W najnowszym video-podcast „Legendy Show-biznesu” Anna Jurksztowicz dla Złotej sceny miała przyjemność gościć Andrzeja Rybińskiego. W szczerej rozmowie opowiedział o trudnych chwilach podczas pandemii i o swojej relacji z synem.
Andrzej Rybiński to wybitny polski piosenkarz, muzyk, aranżer i kompozytor. Większość jego utworów to autorskie kompozycje, które najchętniej wykonuje na gitarze. W 1970 roku założył grupę wokalną Bumerang, która brała udział w tworzeniu śpiewogry „Na szkle malowane”, a także dołączył do zespołu „Dwa plus jeden” z Januszem Krukiem i Elżbietą Dmoch.
W 1971 roku, wraz z bratem Jerzym Rybińskim i Elizą Grochowiecką, założył zespół „Andrzej i Eliza”, który działał przez 10 lat. Zdobył główną nagrodę na Krajowym Festiwalu Piosenki Polskiej w Opolu za piosenkę „Nie liczę godzin i lat”. Jego kolejne utwory, takie jak „Pocieszanka” i „Za każdą cenę”, cieszą się niesłabnącą popularnością.
Ciężko przeszedł chorobę
Andrzej Rybiński źle się czuł podczas pandemii COVID-19. Choroba miała wpływ na jego zdrowie, co wpłynęło na jego samopoczucie i działalność artystyczną w tym trudnym okresie. Piosenkarz wyznał, że był o krok od śmierci:
– Miałem strasznie ciężki moment podczas covidu. O mało nie umarłem, ledwo się z tego wszystkiego wygrzebałem. Już nie miałem siły walczyć i postanowiłem sobie, że zamknę oczy, zobaczę czy to życie jest. I w tym momencie wpadłem w taką panikę, co będzie jeśli tego życia nie ma? Wtedy postanowiłem zostać i powalczyć – wyznał Andrzej Rybiński dla Złotej sceny.
Syn poszedł w jego ślady?
Piosenkarz nie chciał zmuszać swojego syna Kacpra do wybrania kariery muzycznej. Okazuje się, że Kacper poszedł na studia psychologiczne.

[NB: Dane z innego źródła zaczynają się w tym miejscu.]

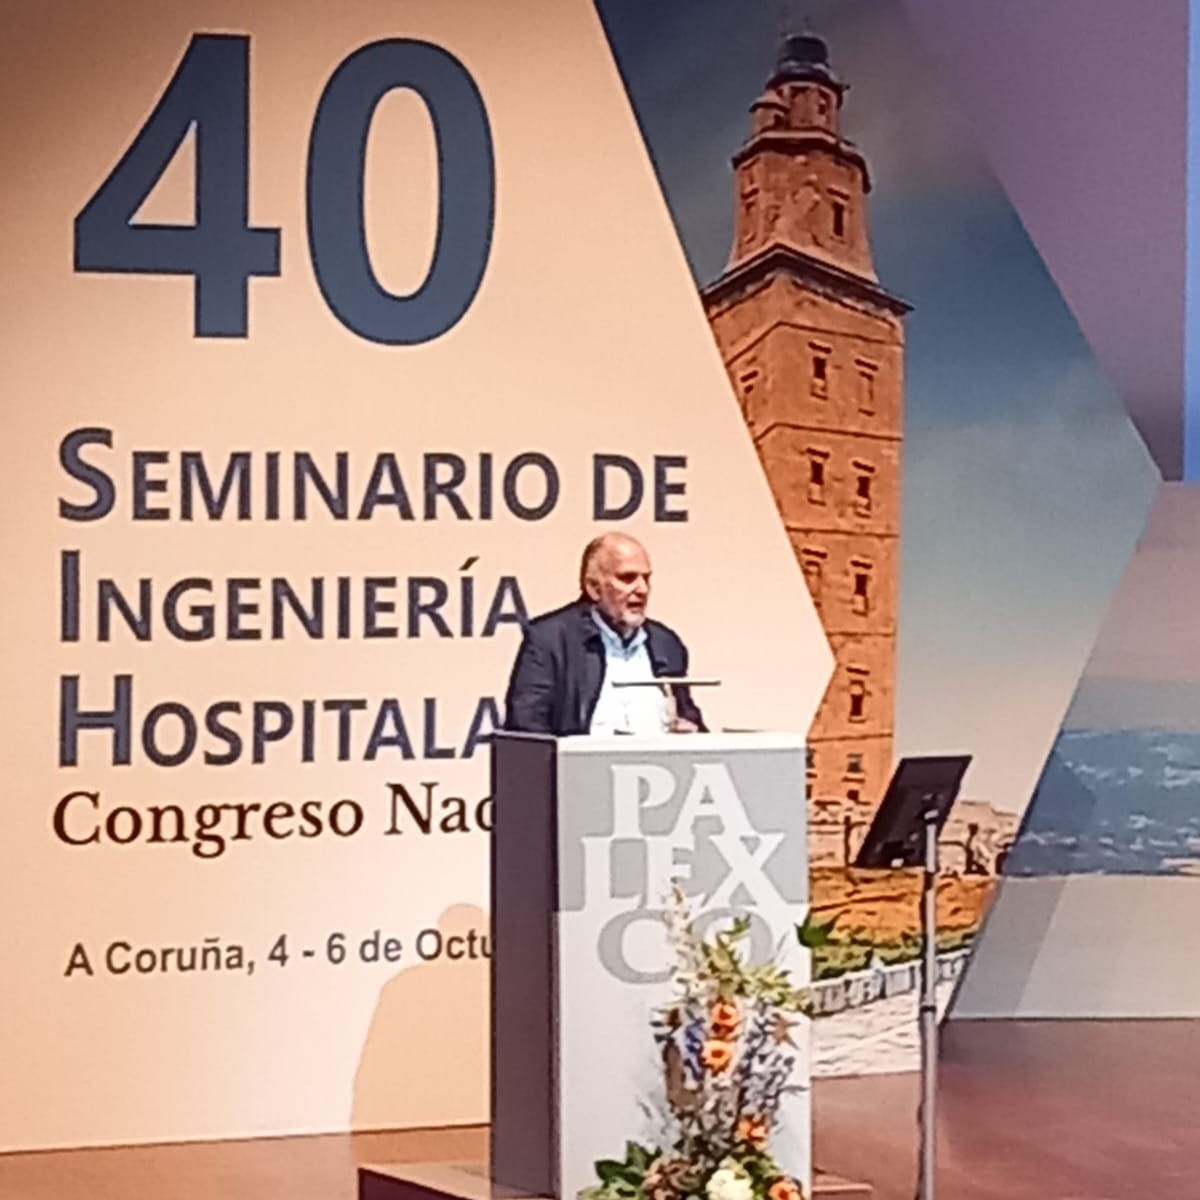 Sostenibilitat, ciberseguretat, formació i tecnologia eixos del 40 Seminari d'Enginyeria Hospitalària de A Coruña

– Mój synek wcale nie miał być muzykiem. Nie wiedziałem kim ma być. Do szkoły muzycznej zapisała go wychowawczyni z przedszkola. Potem zaczął grać na skrzypcach i na fortepianie. W Akademii muzycznej wiązali z nim duże nadzieje, ale mój synek jak już dorósł poinformował mnie, że muzyka to nie jest patent na życie dla niego. Skończył psychologię kliniczną i społeczną – mówił muzyk dla Złotej sceny.
Jednak od kilku dobrych lat ojciec z synem zaczęli razem koncertować. Jak do tego doszło, mimo wcześniejszych zapewnień ze strony Kacpra o końcu przygody z muzyką?
– Po 10 latach kiedy skończył z muzyką podczas śpiewania kolęd w jego domu, powiedziałem mu, że przepięknie harmonizuje. Powiedziałem do niego: „Choć pogramy sobie razem. Co ci zależy?”. Wtedy łaskawie się zgodził i tak zostało do dzisiaj – wspominał piosenkarz.
Andrzej Rybiński zaznaczył, także że syn bardzo mu pomaga i wozi go samochodem, gdy tylko potrzebuje gdzieś dojechać.